Deep and Shallow Handlers. As highlighted at multiple points, we use shallow effect handlers, both in our implementation and in our formal development. Shallow effect handlers are not automatically reinstalled upon resuming a continuation, while deep handlers are automatically reinstalled.

In theory, Hillerström and Lindley [12] show that both deep and shallow handlers are equivalent, and showcase code transformation from one to the other. In addition, OCaml provides both versions. In practice, however, for the purpose of implementing a scheduler, shallow handlers offer numerous advantages. First, they make recursion in the continue function uniform over all tasks, be they continuations or new tasks. Furthermore, since they allow precise control over when handlers are installed, we can ensure that we never install nested handlers. In our implementation, this was essential to make continue and run tail-recursive.

Unfortunately, shallow handlers are a bit more delicate to implement for language designers. Furthermore, deep handlers admit a more precise small-step semantics [19]. It remains to be seen if the deep version of our scheduler can be expressed as elegantly as the one showcased in our formalisation.

Relation to Existing Promise-as-Effect Libraries. To develop our active object library, we made our own implementation of promises. This was convenient, as full-control allowed us to tie both together, which was essential for implementing forward, notably.

However, implementing an industrial-strength promise library with efficient scheduling, parallelism, and system integration is a significant task. Making several such libraries work together is delicate. In practice, eio [15] is trending towards being the standard promise library in OCaml.

Now that we formalised our semantics independently, one of the next steps is to adapt our developments to rely on an existing scheduling library. There are two difficulties here:

  • Adapting to different underlying primitives (eio uses “suspend”, similar to a form of yielding, and “fork” to create new promises).

  • Finding a way to extend the scheduler implemented by an existing library, accessing its internal state, without completely breaking its invariants, nor breaking abstraction.

Optimisation on Forward. As we mentioned in Sect. 3, forward is a construct that allows efficient delegation of asynchronous method invocations by making shortcuts when a future is resolved with another one [6]. For simplicity, we decided not to specify forward in our formal development. Its specification and proof is rather straightforward, by introducing an additional effect. In the future, in addition to this formal aspect, we would like to experiment with introducing delegated method calls automatically, following the analogy with tail-call optimisations.
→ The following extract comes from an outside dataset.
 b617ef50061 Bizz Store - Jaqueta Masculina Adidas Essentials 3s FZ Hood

Hiding Semantics and Middle-Step Reductions. Proof of correctness of translations between languages and calculi often reduce to simulation or bisimulation proofs [5, 6, 16] between a source program and a transformed program. Often, it is however necessary for the transformed program to do more steps than the original one. These additional internal steps are necessary to maintain internal information on the program state. Sometimes, even the source program must also do some internal steps. The usual tool to prove the equivalence in this case is to use a weak bisimulation that “ignores” some steps marked as internal. However, weak bisimulations do not guarantee the preservation of all program properties, in particular liveness properties [8]. In such situations, some previous work prove branching bisimilarity which is stronger but not always sufficient.
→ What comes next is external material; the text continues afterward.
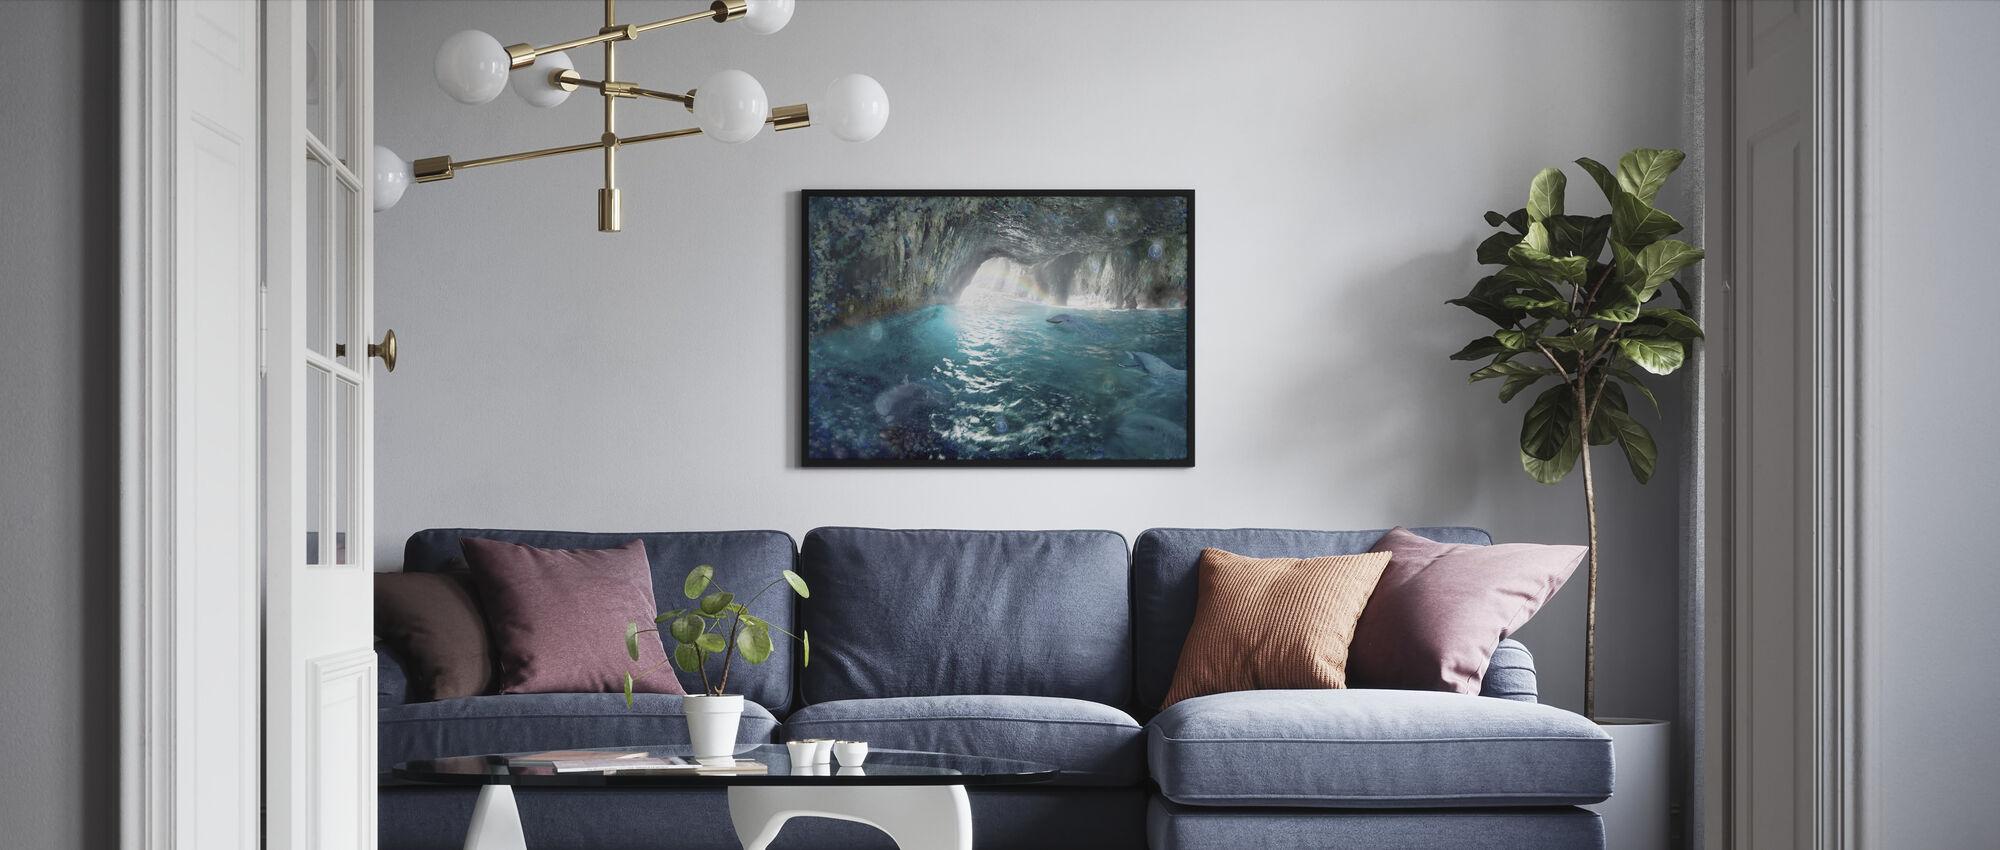 Delfin Seacave - Inramad tavla - Vardagsrum

In this article, we developed a new “hiding” semantics and a middle-step reduction which executes one non-hidden step, followed by as many hidden steps as possible. This allows us to decide exactly in the specification of the translation which code is “administrative” and which code must really be synchronised. Naturally, in our context, such code is deterministic.

While we developed this in an ad-hoc manner here, we believe this approach can be adapted to many other program translations, simplifying simplifying the proof of correctness for compilers, and program transformations in general.